What Parise meant to say is he made a marvelously unconscious play to beat Quick to the net and jab it into the net.

"I go into every game expecting Zach to do something big," said coach Peter DeBoer.

The something big was New Jersey's first power-play goal of the series ... it was Parise's awakening in the series ... it was his putting his imprint of hard work first and skill and talent second.

"Zach's game is so much more than the stat line," DeBoer continued. "He's the heartbeat of our team. He's the identity of our team. He forechecks, he back checks, he kills penalties. He plays in all situations.

"He really is our barometer. He's the guy that makes us go, whether he's scoring or not. I don't measure his game on goals and assists. He's creating opportunities. They're eventually going to go in." 

Parise did not take part in the Devils' optional morning skate. Instead, he took a bucket of pucks into the ice early, took some shots and left early. More contemplating the position he had helped put the Devils in or trying to coax more out of him.

"I didn't really feel like skating," he said, refusing to admit what was eating at him.

What was wrong with this self-motivated player so keyed up.

"I just wanted to get on the ice and try out a couple of sticks," he said. "I didn't want to skate and waste some energy."

No, he would save his energy for his dash with Quick at 12:45 of the first period when 
Zach gave the Devils the spark they needed. The quick twitch spark. 

You try not to over-analyze.

"As a young guy I've watched him all year," center Adam Henrique said. "I don't think there is a better guy to learn from. The way he handles himself on and off the ice in different situations. I try to put part of his game into mine and I think over the year it's one of the big reasons why my game has progressed.

"He's been there all year for us. Guys feed off his energy on the ice. It really gets guys going. Guys rally behind him. There is a reason why he is our leader. Guys look to him in these situations."

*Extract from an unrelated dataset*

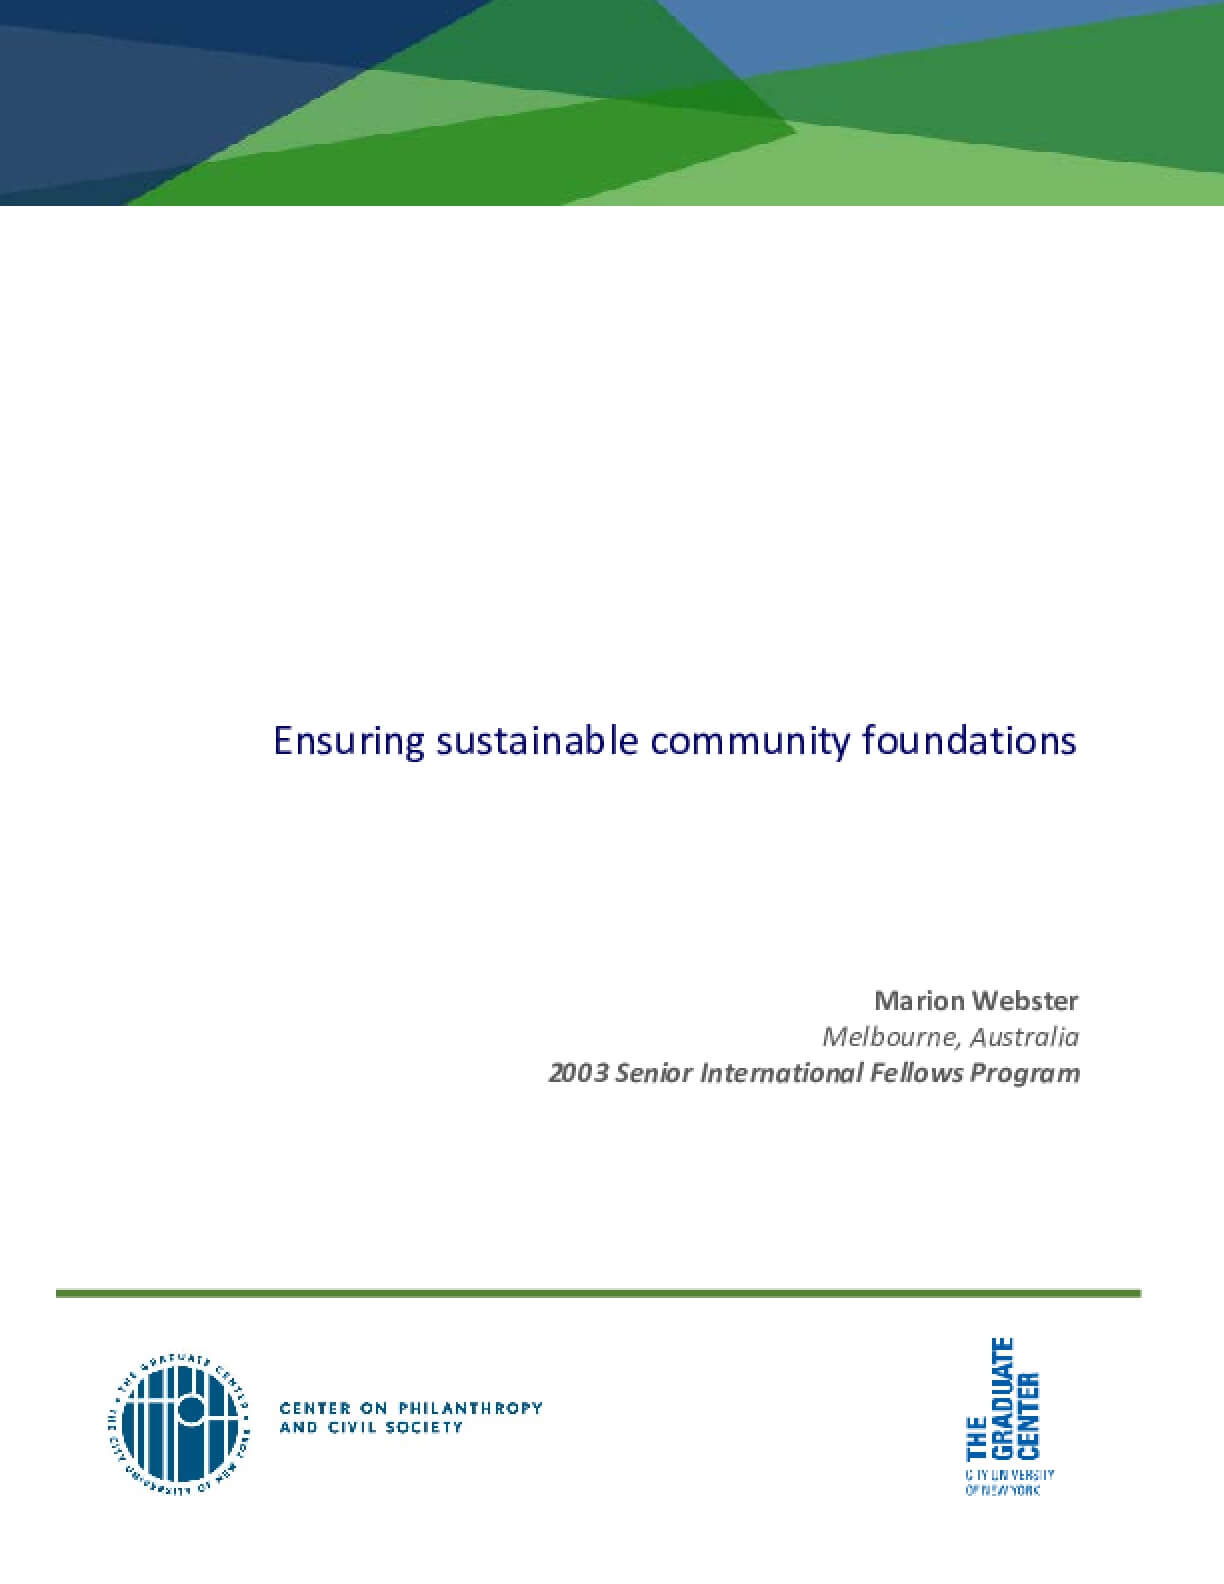 Ensuring Sustainable Community Foundations

Parise can blame the 0-3 hole on himself. But he has a way to get out of this. Zach can ask his father how a comeback from an 0-3 playoff deficit is possible.

J.P. Parise did it three times ... in a way.

His New York Islanders rallied from 0-3 down to win a second-round series against Pittsburgh in 1975 -- and then nearly did it again in the next round against Philadelphia, winning three straight before losing Game 7.

The elder Parise also was on the Canadian national team that won the final three games of the famed 1972 Summit Series against Russia.

Zach hear from his father on a daily basis. Tips. Good-natured jab. And real advice.

"He said him and Chico Resch are living proof that it can happen," said Zach Parise. "He said they did it twice in the one season.

"He said with Team Canada, they went into Russia, had to win three games, won three games there. He said it can happen."

Parise also said his father realizes how close the Devils have been to turning around the series.

"He said just from watching the games, the margin for error right now is really, really slim," Zach Parise said. "All three of the games, we felt like we could have won. He just said, 'You've got to start with the one tonight and then see what happens.' "

Now there's some real fatherly advice that Zach and the Devils are following.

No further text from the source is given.